Problem:
Output the listing exactly as written, apart from its pictures.

Information provided:
******************************

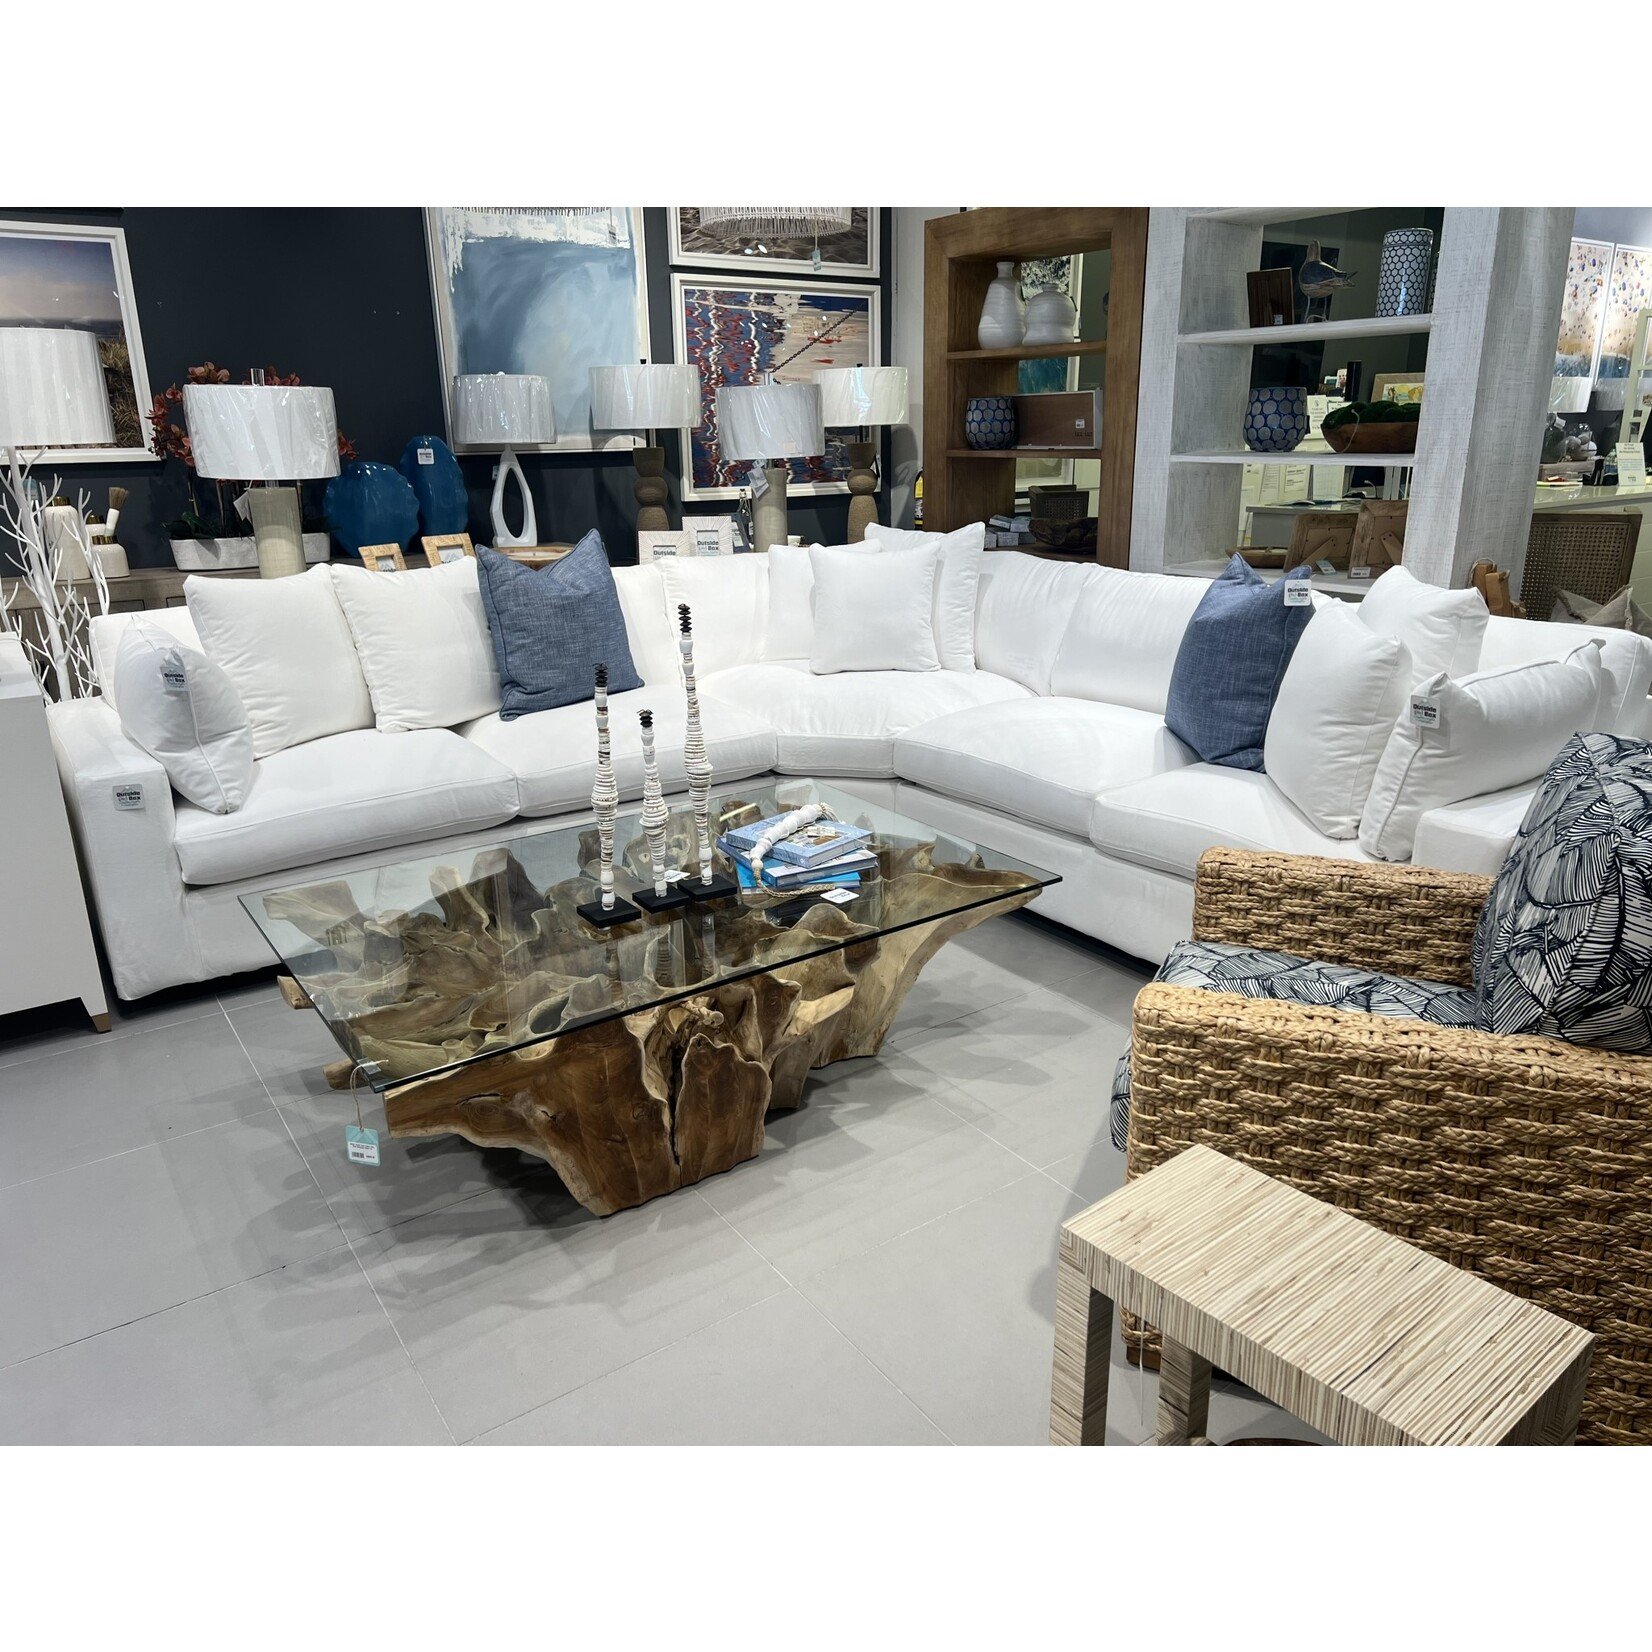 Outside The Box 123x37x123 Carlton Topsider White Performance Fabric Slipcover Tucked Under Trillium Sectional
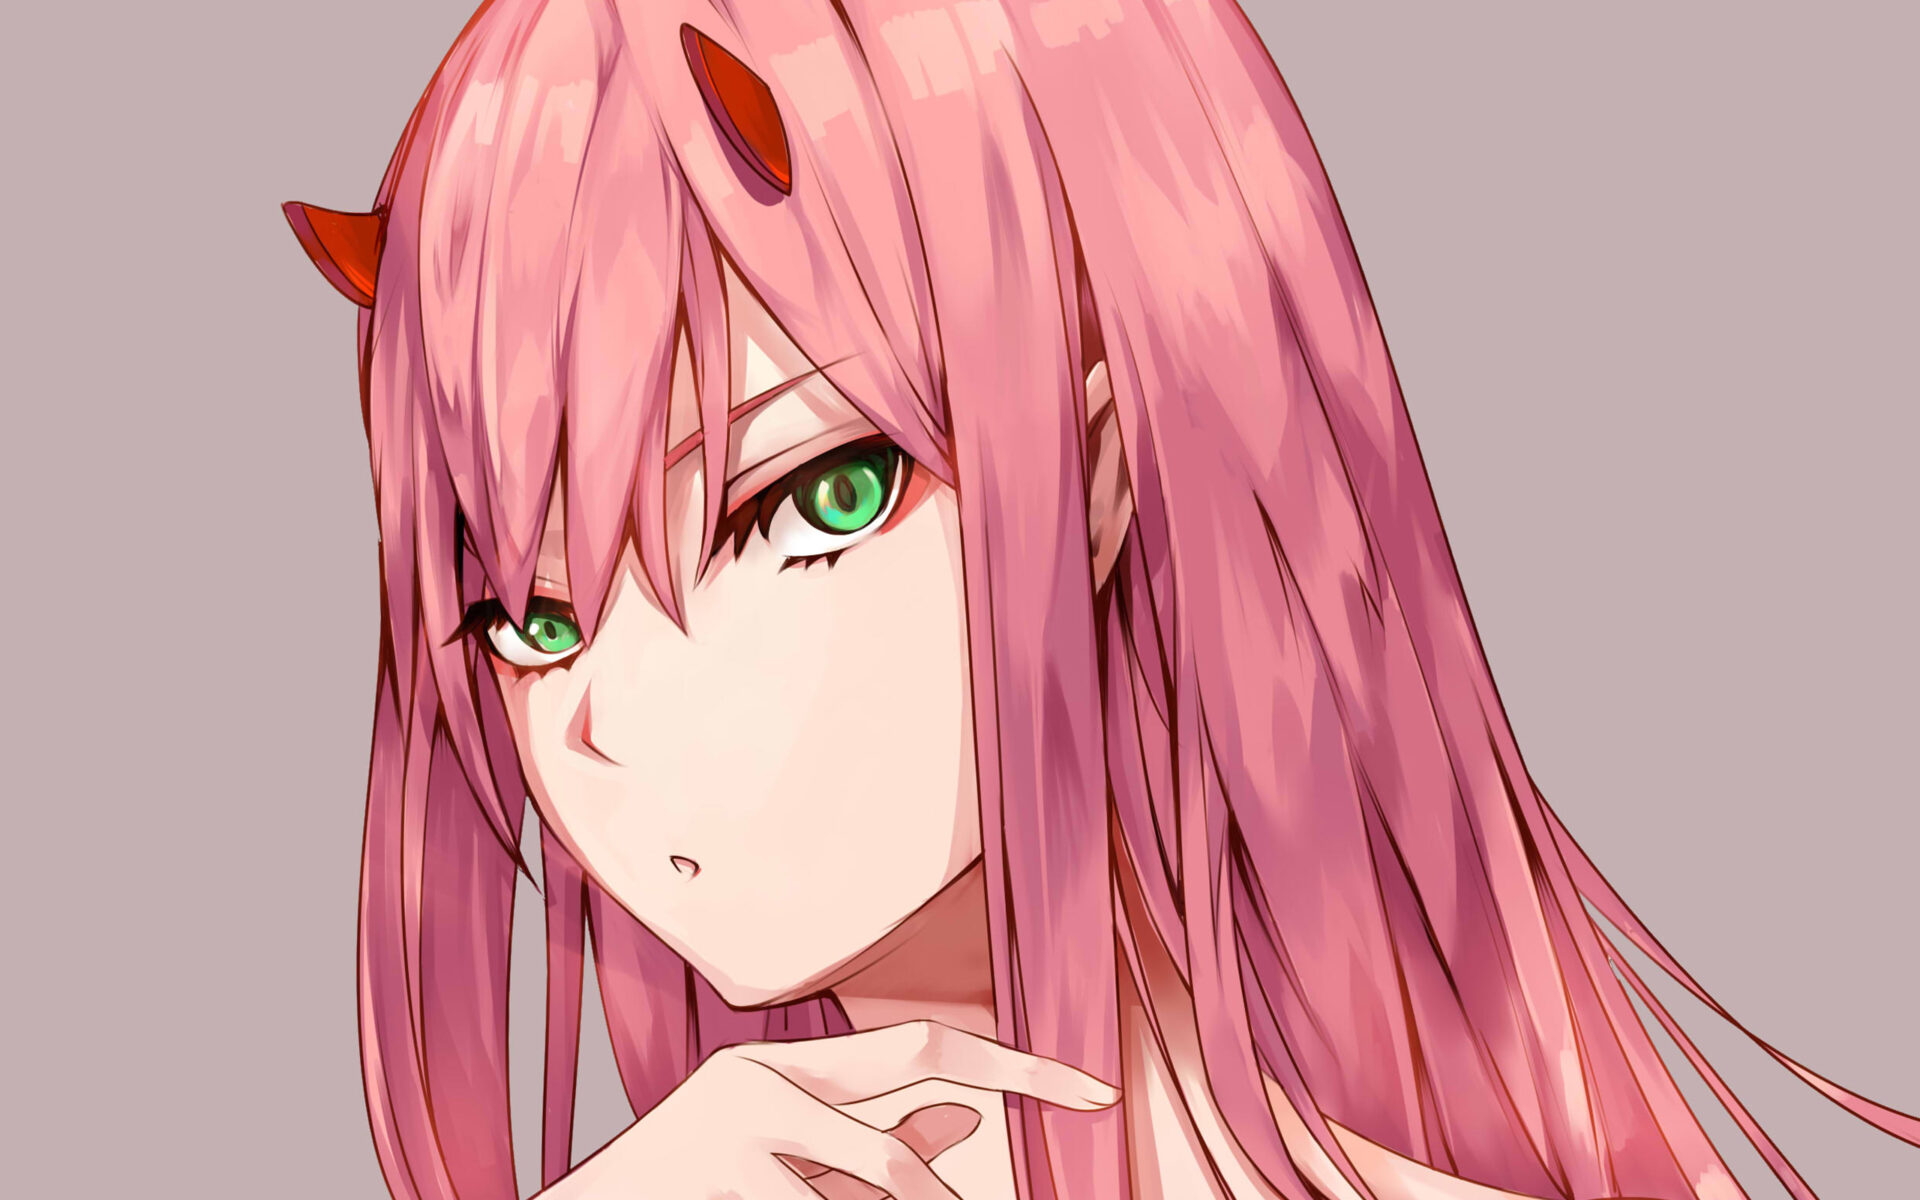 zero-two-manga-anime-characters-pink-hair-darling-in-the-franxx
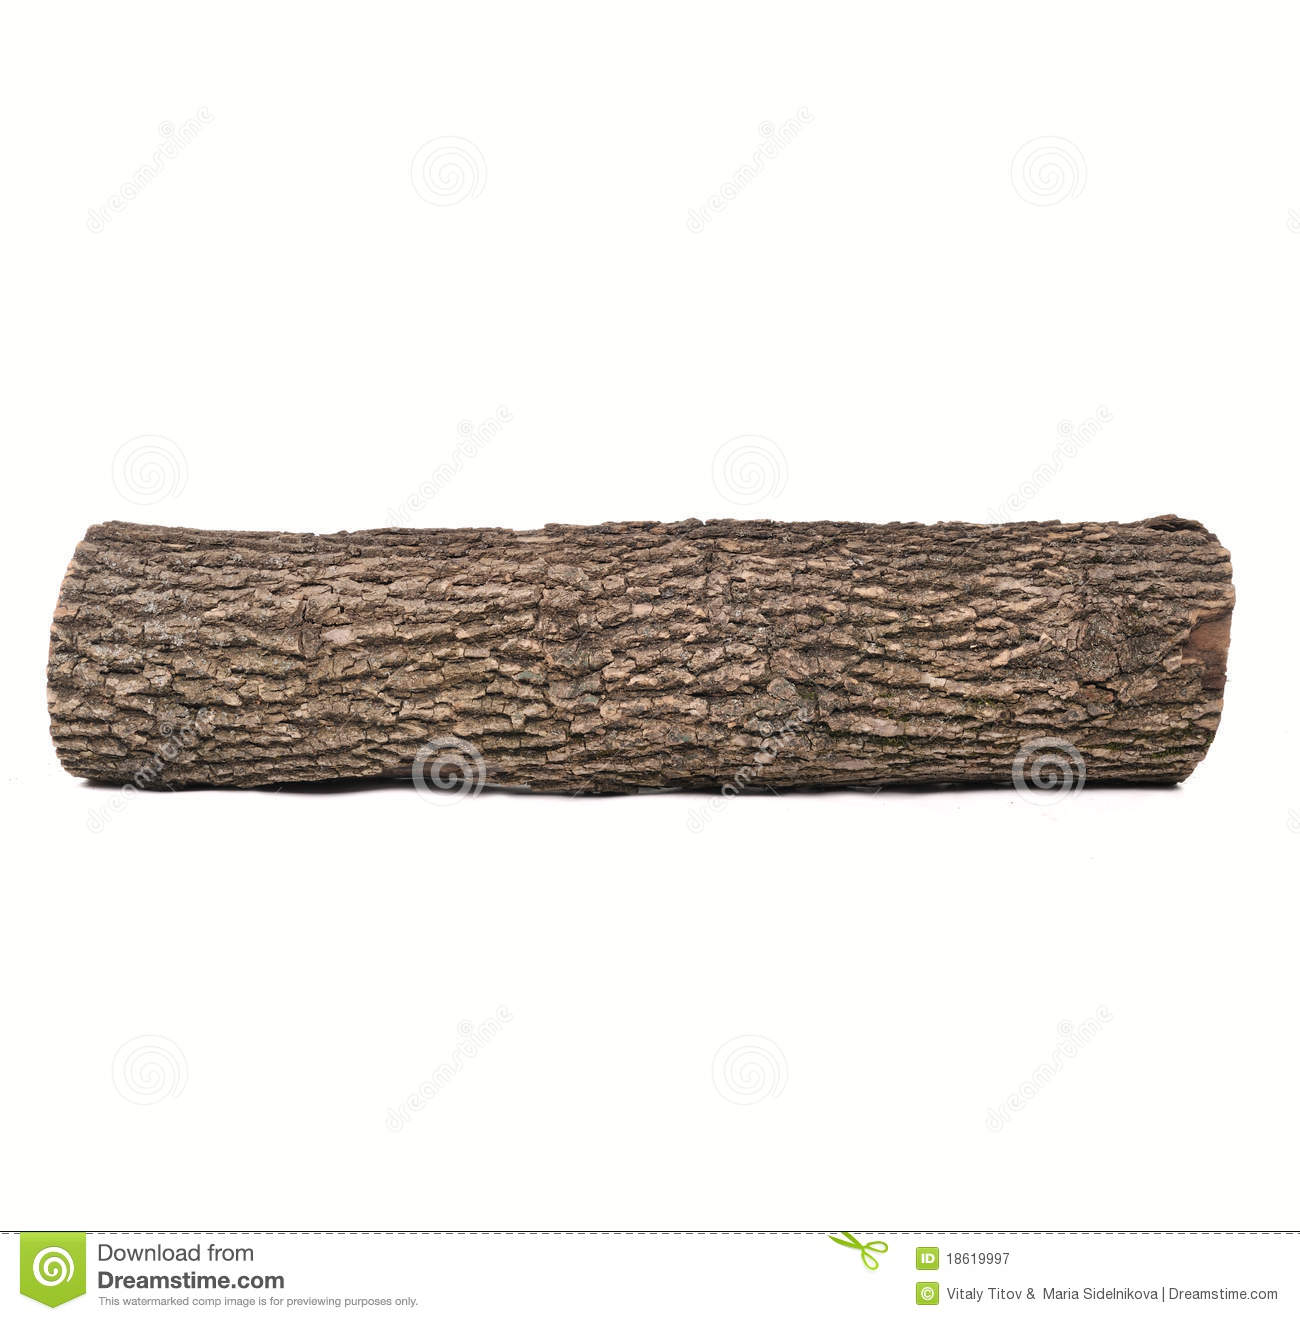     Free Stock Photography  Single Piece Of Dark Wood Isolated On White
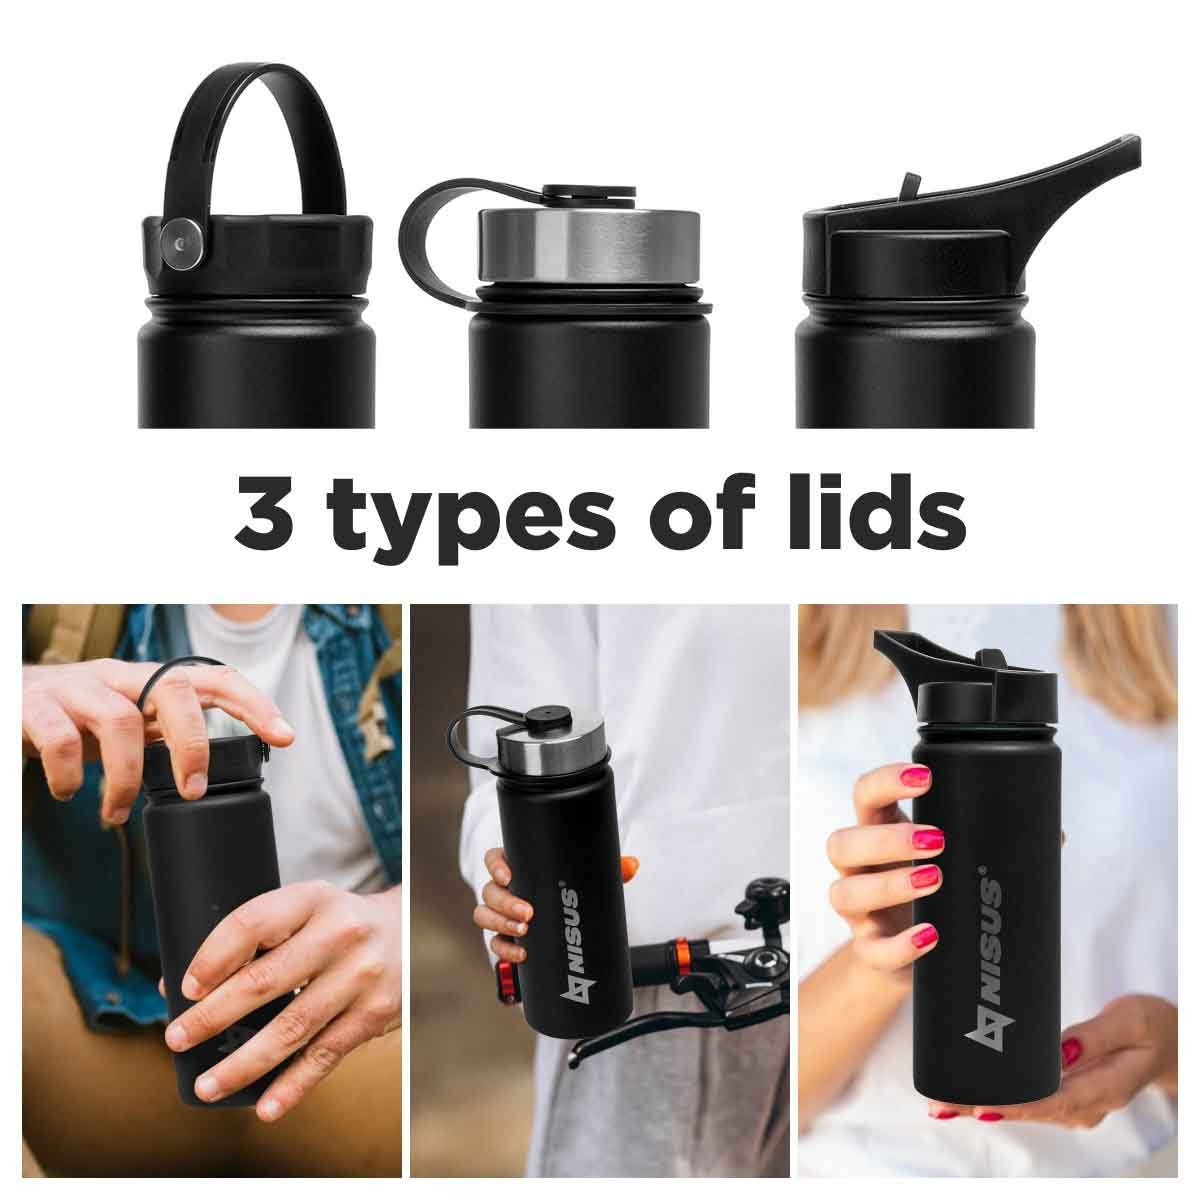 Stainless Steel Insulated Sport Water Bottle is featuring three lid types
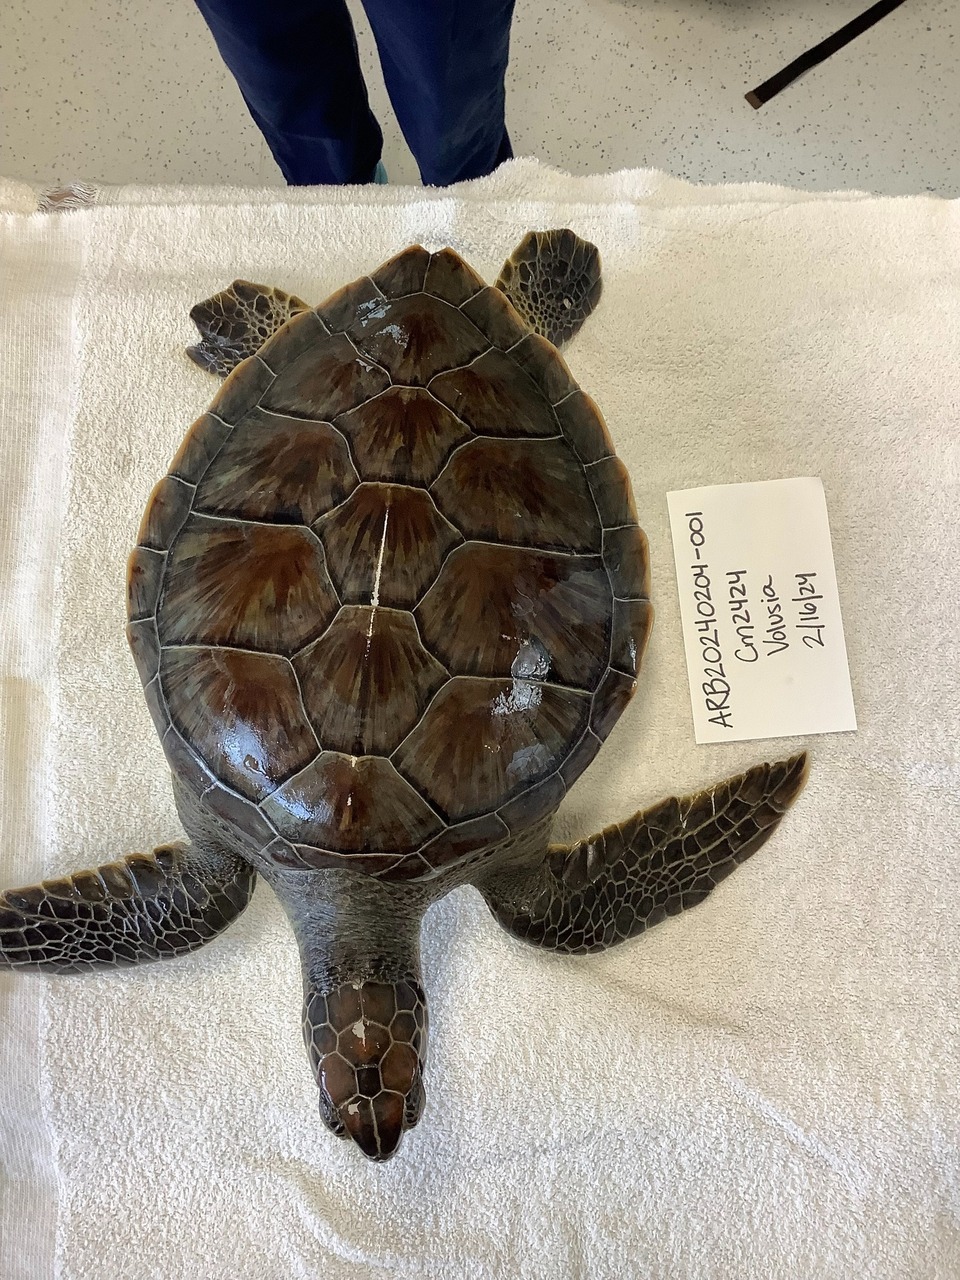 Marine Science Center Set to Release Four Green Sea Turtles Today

******************************

Answer area:
 Outside The Box 123x37x123 Carlton Topsider White Performance Fabric Slipcover Tucked Under Trillium Sectional
 zero-two-manga-anime-characters-pink-hair-darling-in-the-franxx
     Free Stock Photography  Single Piece Of Dark Wood Isolated On White
 Stainless Steel Insulated Sport Water Bottle is featuring three lid types
 Marine Science Center Set to Release Four Green Sea Turtles Today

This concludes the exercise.